### What this task involves
Starting with the line with "James Rizzi - Looking out My Window (1995)" in the entries below and going on through the line with "American Girl Imperial Wives Collection", output every line exactly and nothing more. No pictures.

### Data records
_ _ _ _ _ _ _

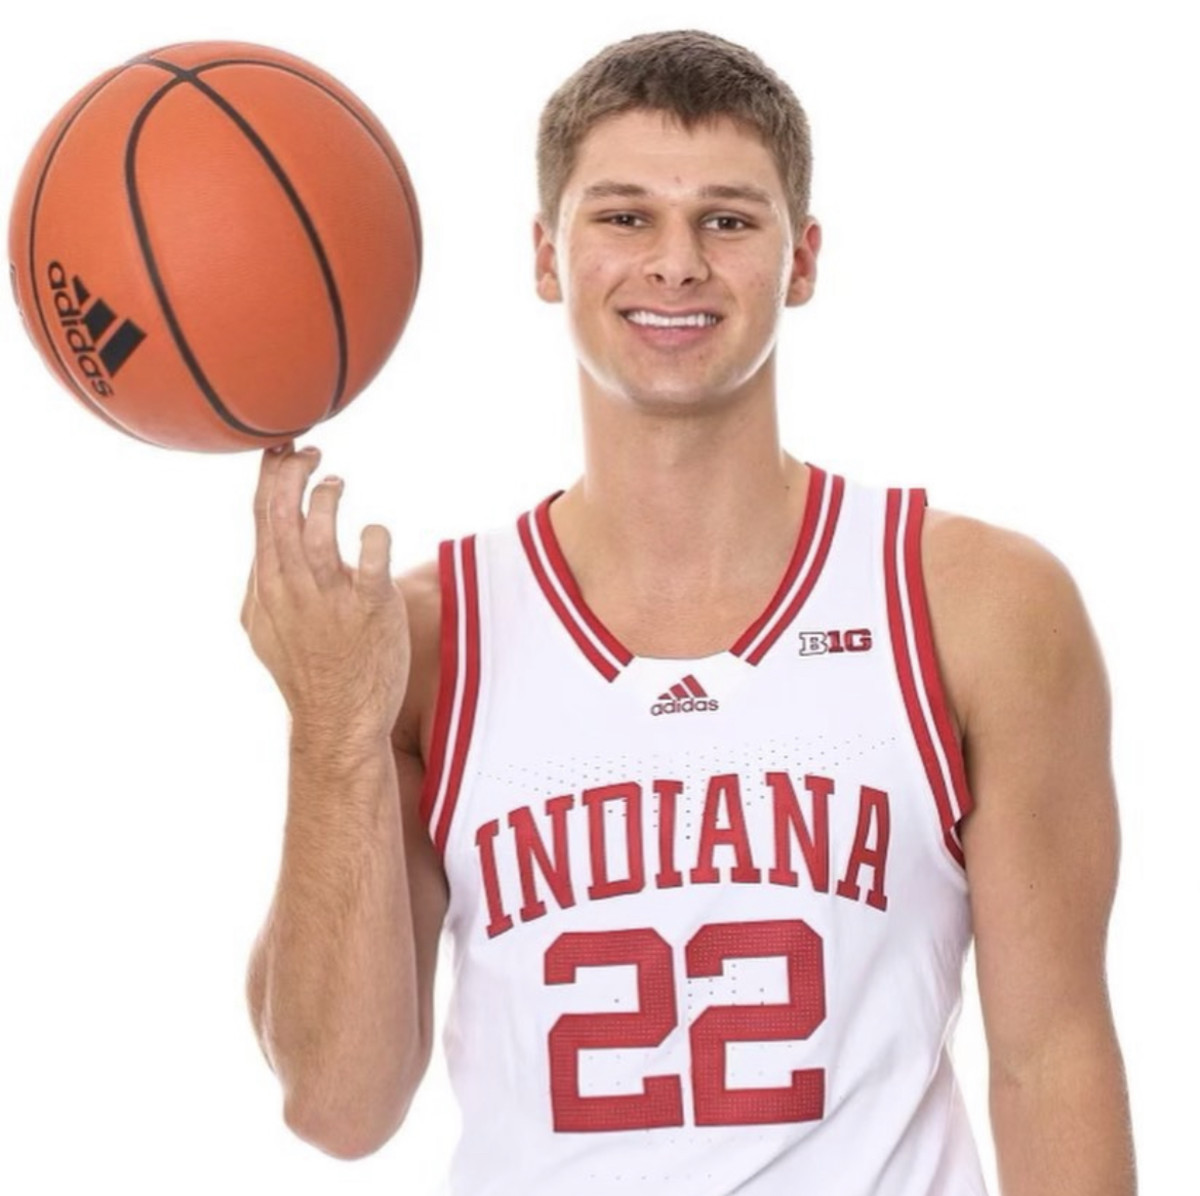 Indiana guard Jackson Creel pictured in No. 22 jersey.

_ _ _ _ _ _ _

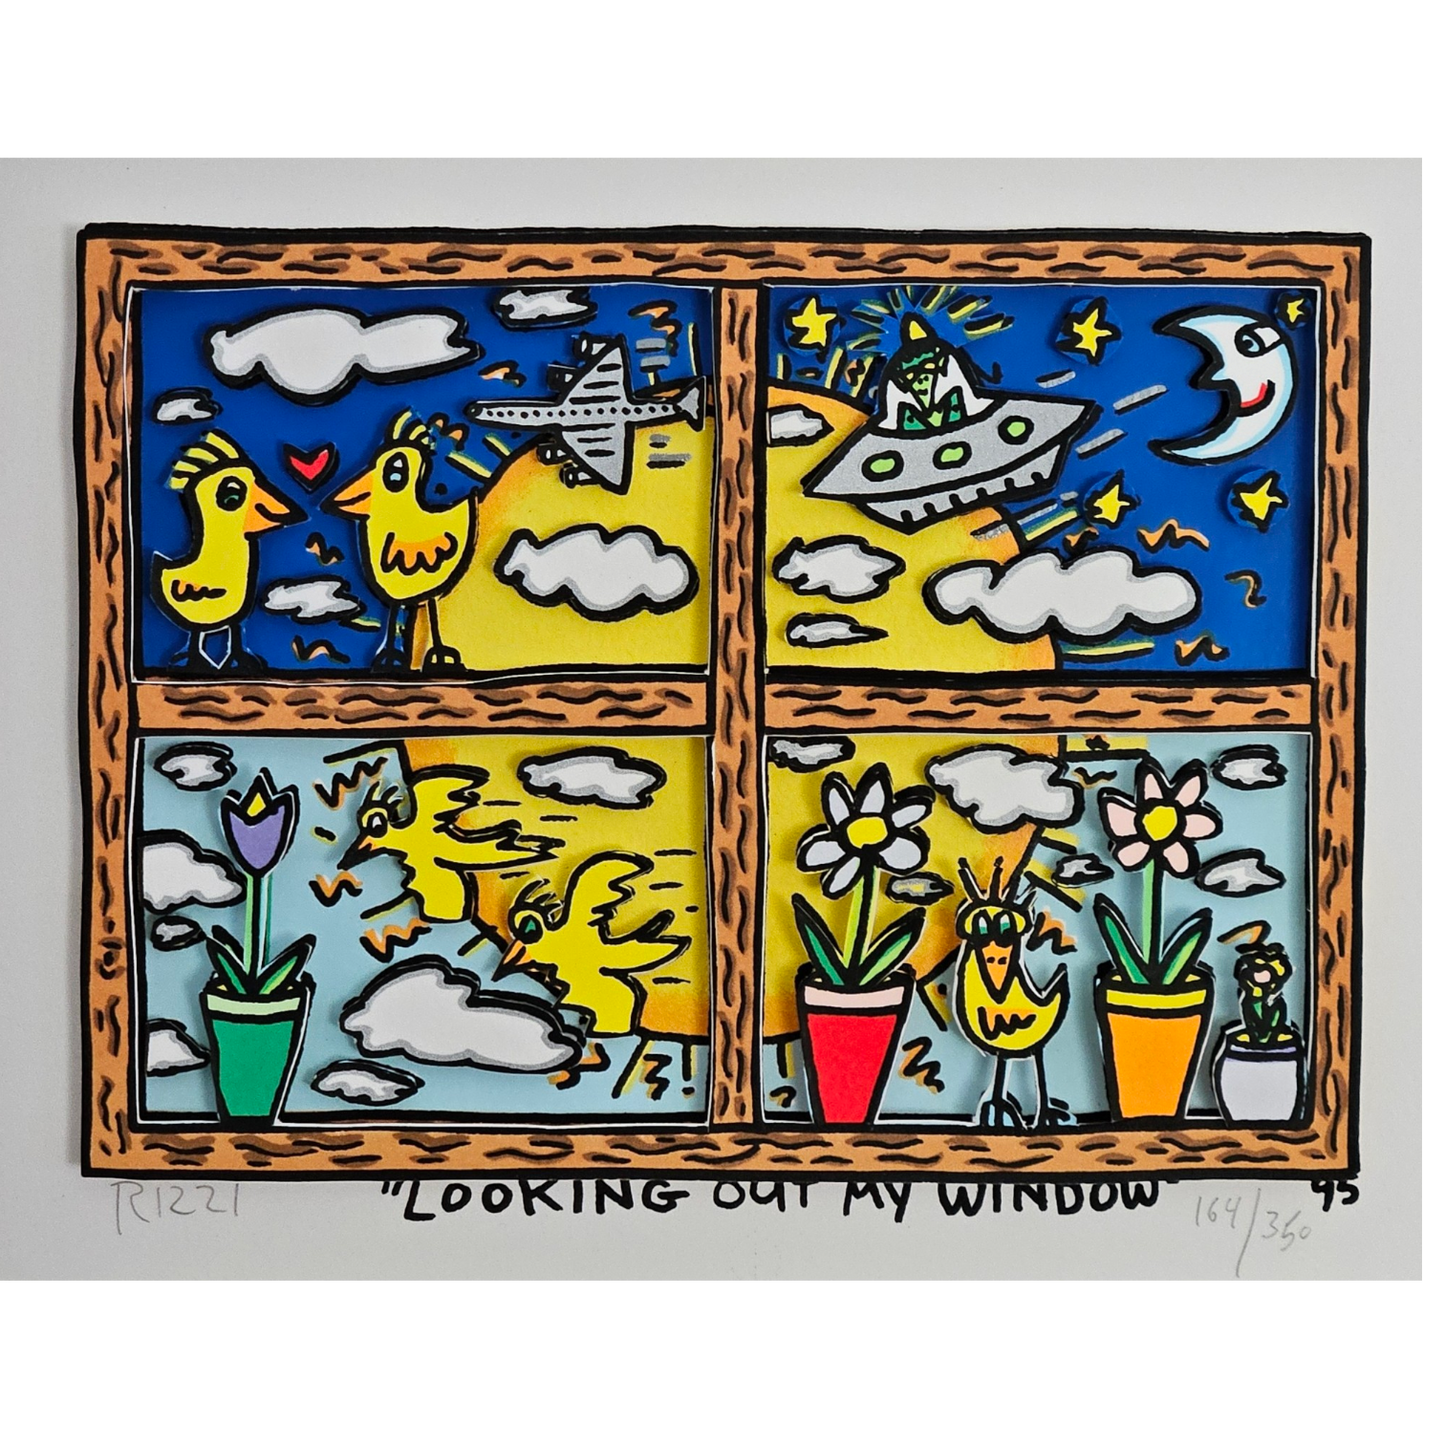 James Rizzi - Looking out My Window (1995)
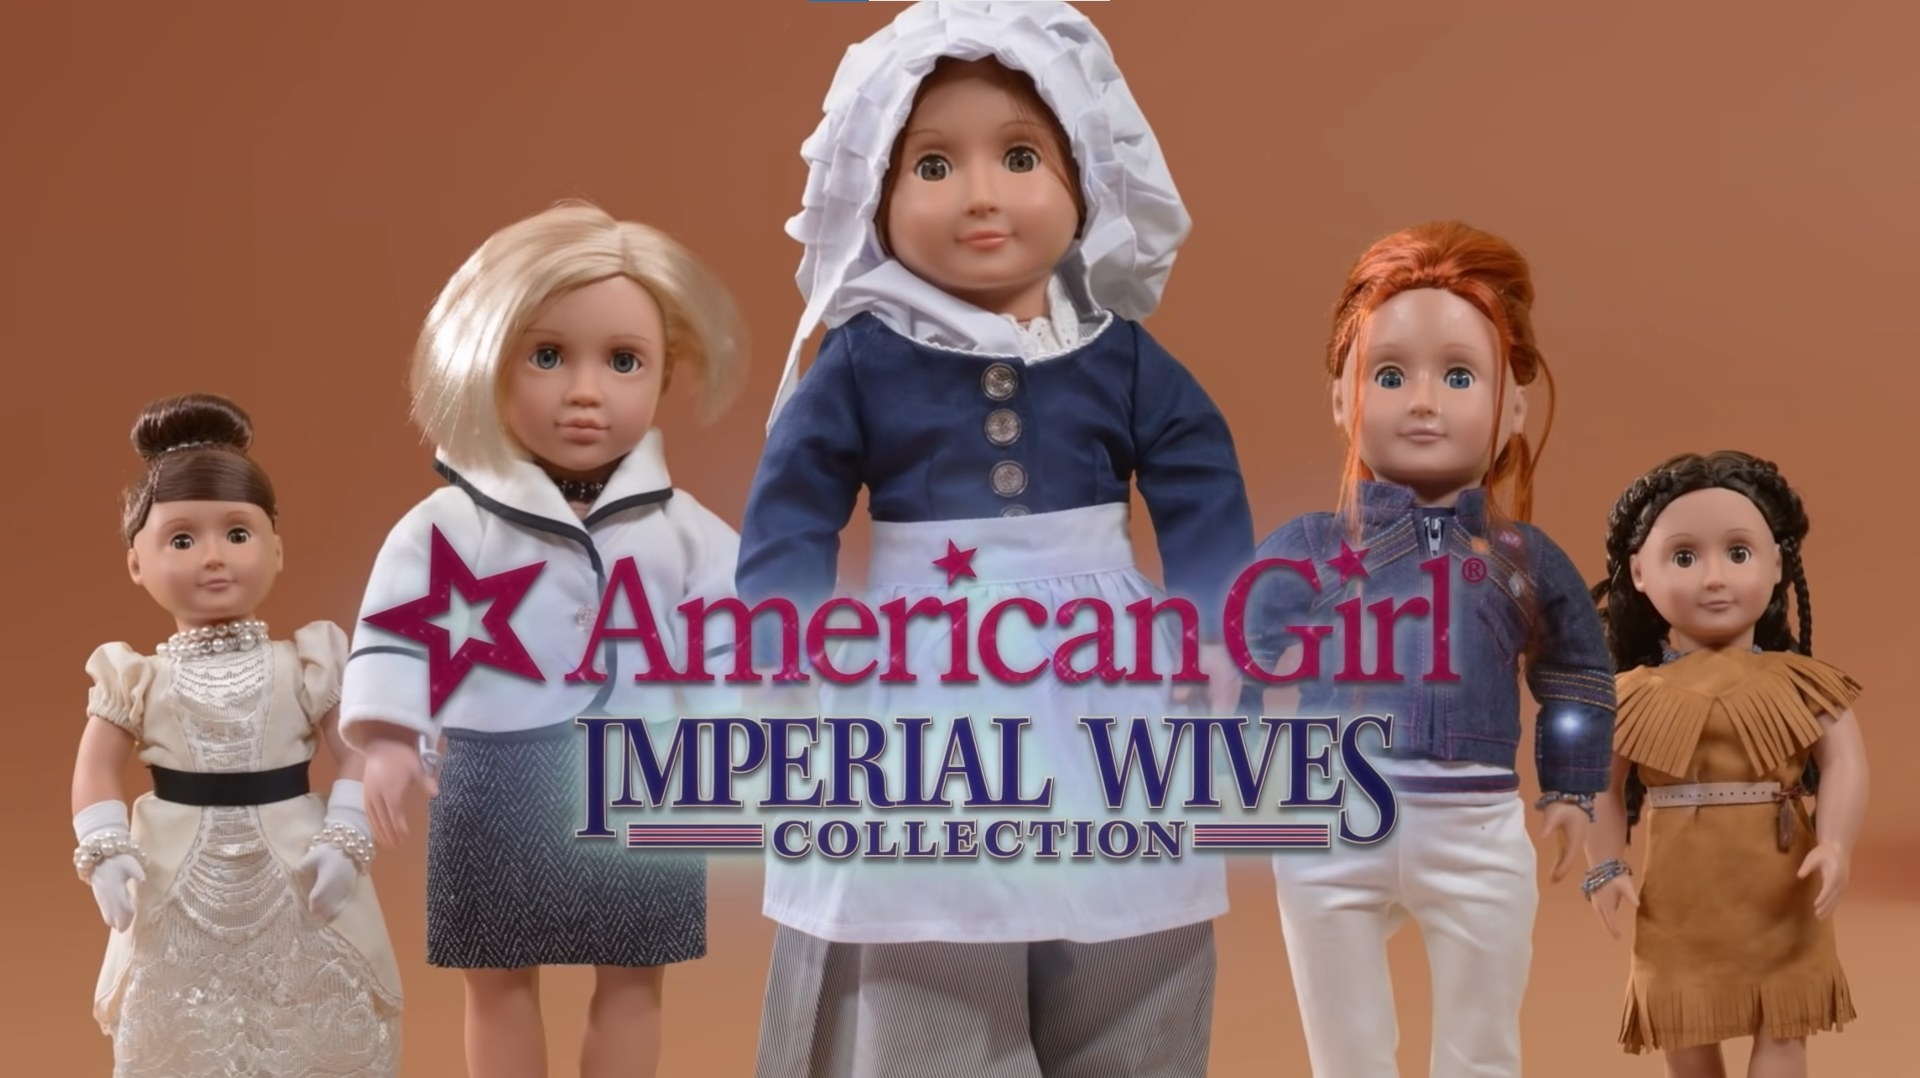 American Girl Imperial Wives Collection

_ _ _ _ _ _ _

### Written solution
 James Rizzi - Looking out My Window (1995)
 American Girl Imperial Wives Collection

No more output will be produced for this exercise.